When I was 8, I had names picked out for all of my future offspring (a dozen baby girls dressed in coordinated outfits). At the age of 13, I had my own babysitting business. I majored in child psychology in college and earned a graduate degree in education before getting my very first class of fourth graders. By the time I became pregnant with my first child (a boy, go figure), I knew exactly what kind of mother I was going to be: calm, organized and completely in charge. Yeah, right.
If there's one thing I've learned after four kids and 18 years of parenting, it's this: as much as the mother shapes the child, the child shapes the mom.
Despite my intentions of being a cool-as-a-cucumber parent, the birth of my first child, now 18, transformed me into a maternal tossed salad. For the first two years of his life, I refused to leave the house without my "What to Expect" manual for fear I might need to know how to make a baby tourniquet or something.
Impossibly, it would seem, that baby grew to be the most serene and easygoing person I've ever known. Like a human tranquilizer, he puts me at ease, offering me a voice of reason in a way few others can. "You should be less worried about me getting E. coli from a raw hamburger and more worried about me choking on this overcooked hockey puck," he once said during dinner. I had to laugh. He had a point -- and it wasn't the first time. I needed to chill. Maybe I'm not the unflappable parent I'd hoped to be, but thanks to my laid-back eldest, I'm a little closer to it.
Where my first son was born going with the flow, my second son, now 16, carves his own current. When he was 12, he wanted to take electric guitar lessons. I said no -- he had enough going on with school, baseball and football. So he got some secondhand strings, taught himself to play via instructional YouTube videos, and started a rock band with some middle school buddies. Take-charge Mama might have grounded her willful son, but something in me had changed. Instead of getting angry, I threw a huge party in the basement and invited everyone over for The Allies' first concert.
Somewhere along the way, this staunchly inner-directed child had taught me that my purpose in parenting is not to tell him when, where and how to flap his wings, but to give him the ability to soar, unafraid, on his own.
By the time Baby No. 3 came along, I was less hovering (thanks to my oldest) and less controlling (thanks to my next).
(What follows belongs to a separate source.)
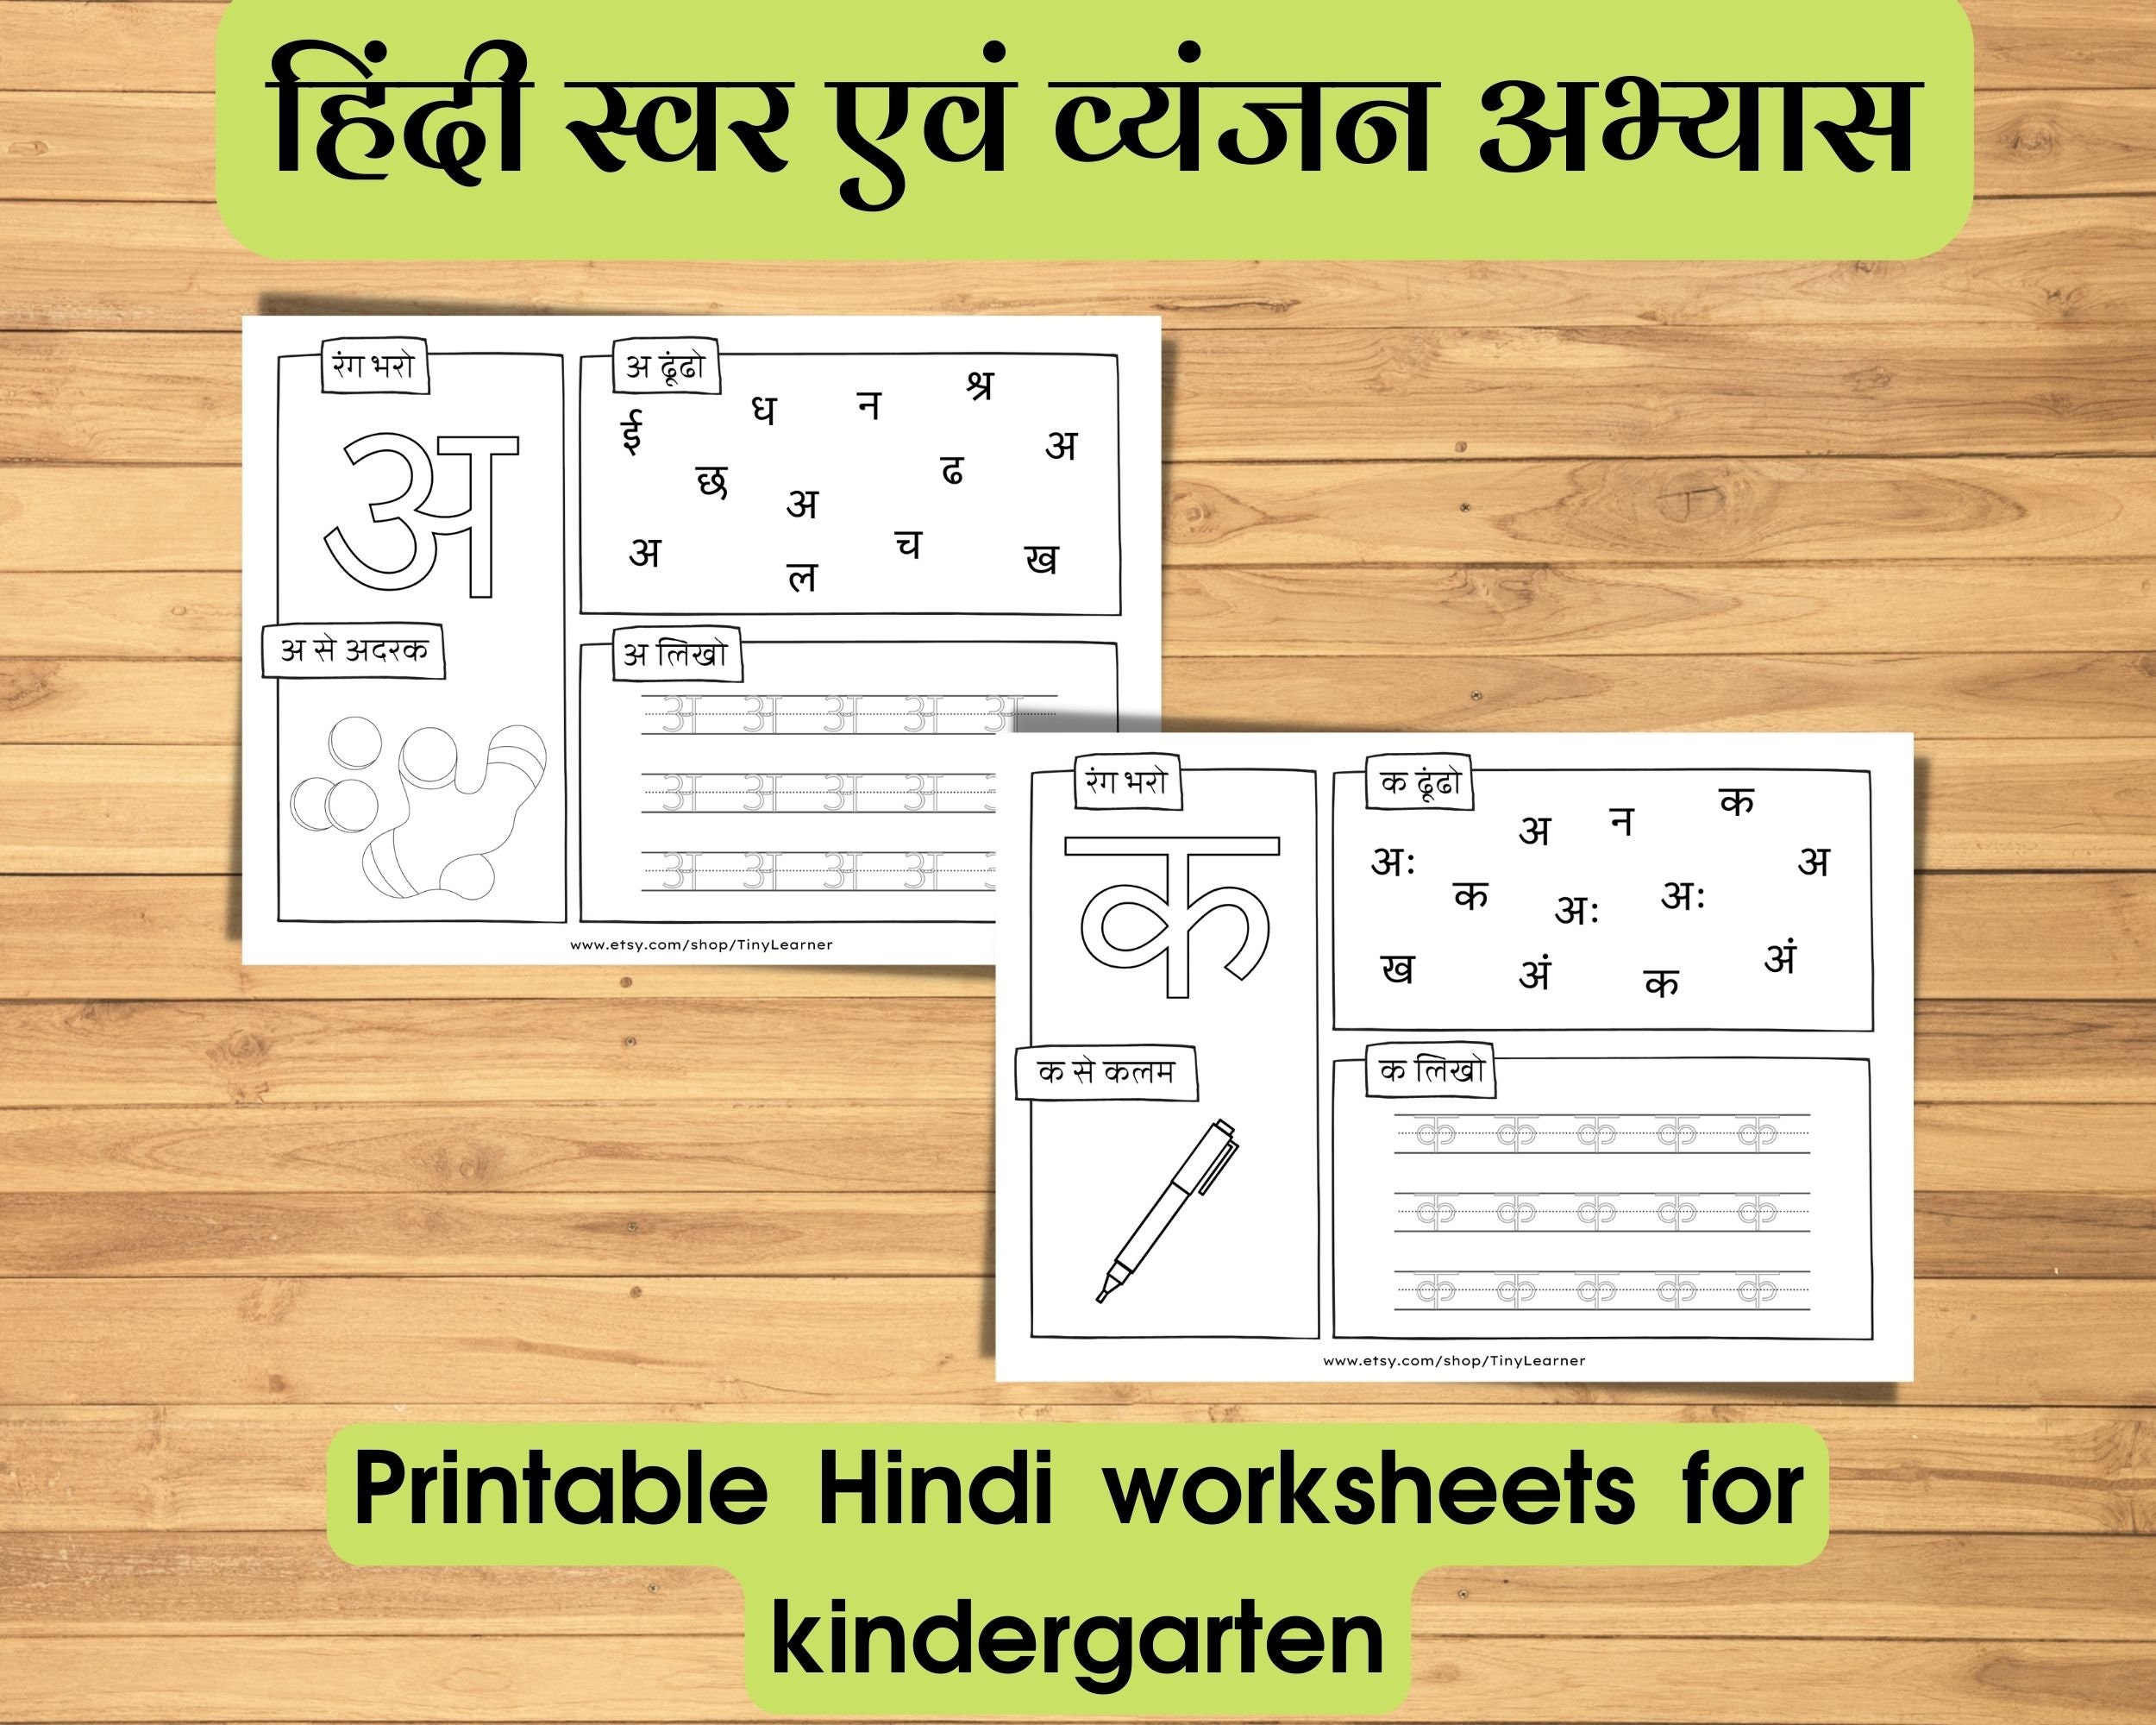 Kruti Dev Hindi Typing Software free Download 2023

But I was still clinging to my super-organized, scheduled-down-to-the-last-minute tendencies. As with his older brothers, my third son certainly changed all that.
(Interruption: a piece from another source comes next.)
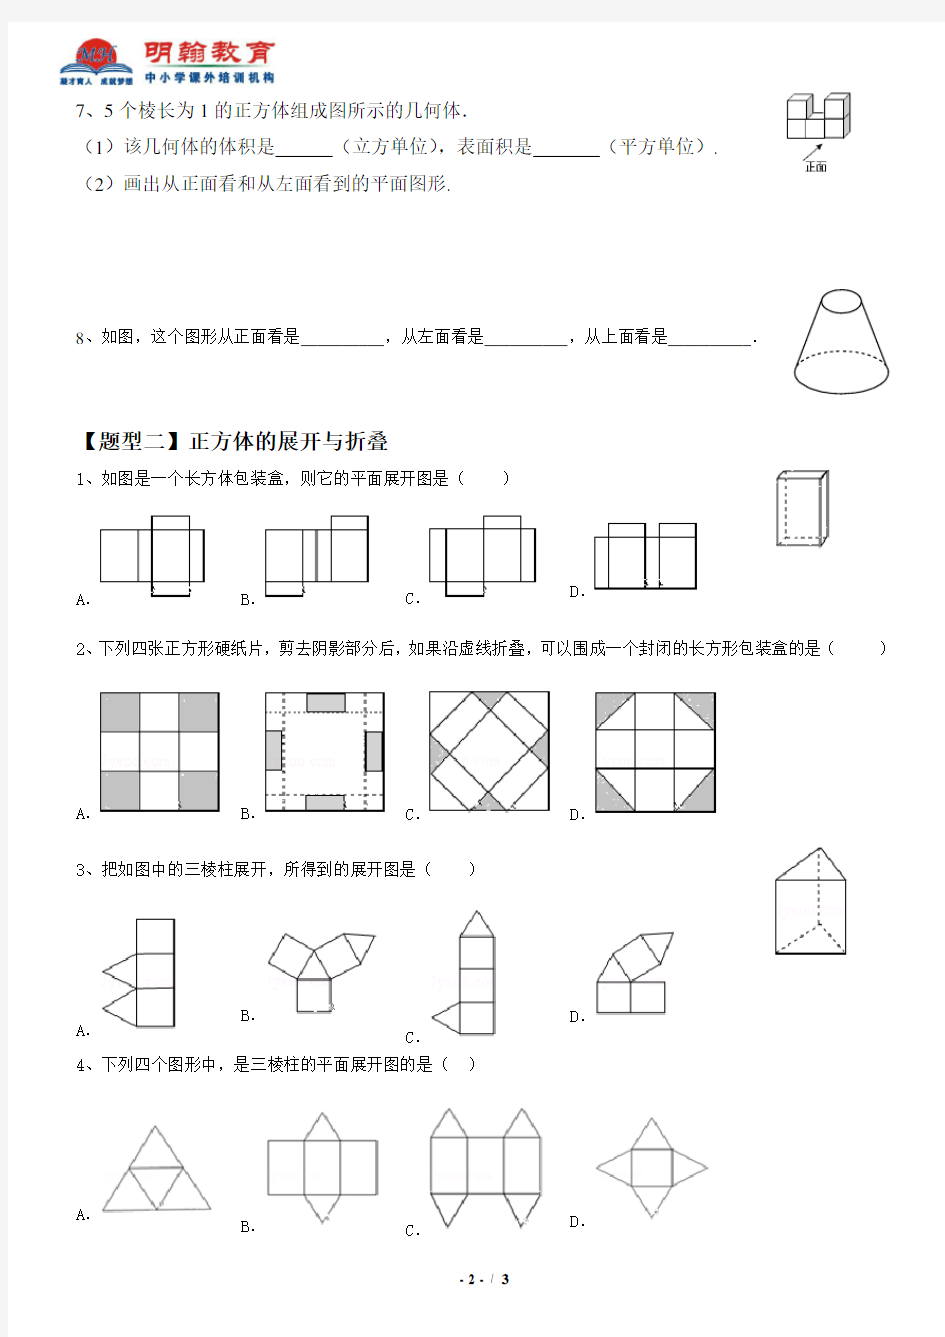 新人教版七年级几何图形初步练习专题(一)---三视图、展开图专题

Here is an 11-year-old brimming with curiosity, who collects information like other kids collect baseball cards. Mothering him is like being a perpetual contestant on Jeopardy. The trouble is, joining my son in his knowledge quests can take a lot of time. Practice with him for the geography bee? Of course. But I had to brush up first. Read the five-book Percy Jackson series with him? Sure. And 28 hours of reading later (yes, 28!), we finally finished the last book. But I wouldn't have missed those juicy mother-son book chats for anything.
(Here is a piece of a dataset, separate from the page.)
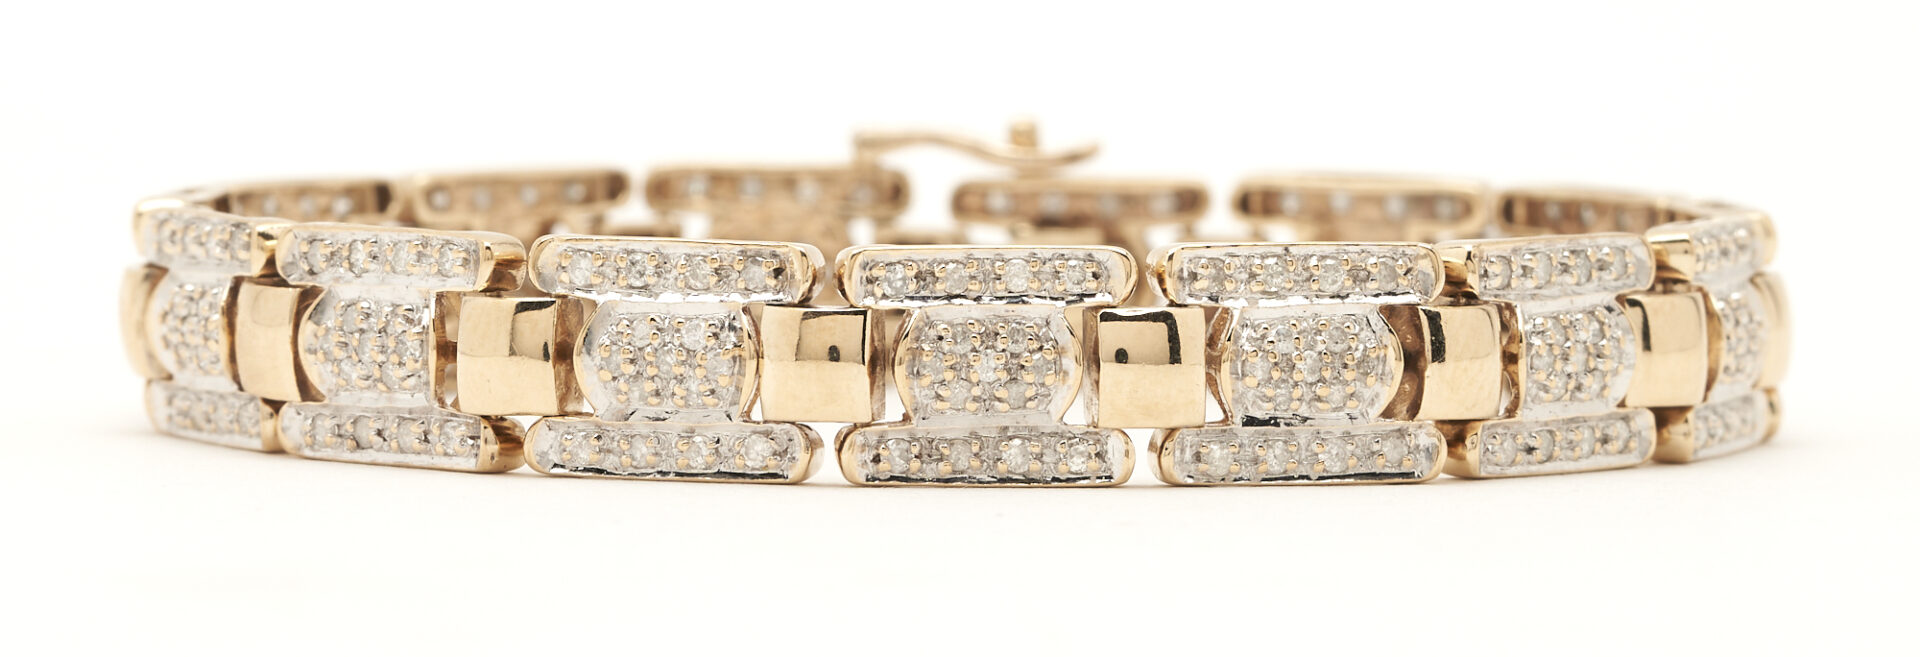 Lot 424: 10K Gold & Diamond Link Bracelet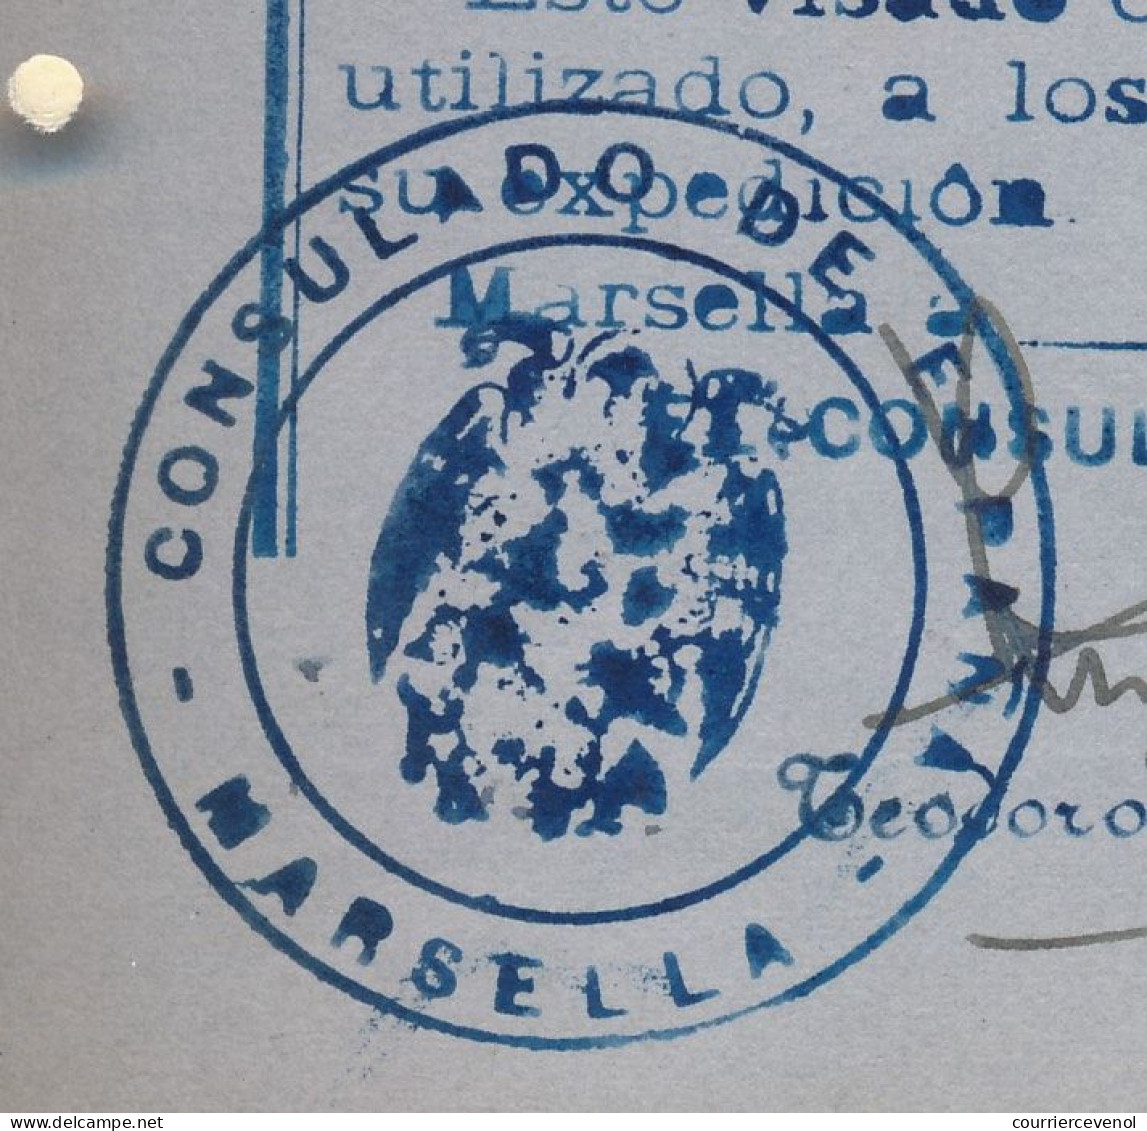 FRANCE / ESPAGNE - Passeport émis à Marseille 1954/57 - Fiscal type Daussy 2000F + Fiscaux Espagne Consulat de Marseille

With my third child as my guide, I've learned to look up from my weekly planner every now and then to see the world, and to stop and smell the roses, even if they're not exactly on the way.
The mom I thought I'd be all those years ago certainly isn't the mom I've become. My kids have seen to that. But my spirited 8-year-old daughter sometimes reminds me of the girl I used to be. After being beckoned to her room "to see something important," I was greeted by a display of 12 dolls lined up on her bed. "They're my babies!" she announced before rattling off their names one by one.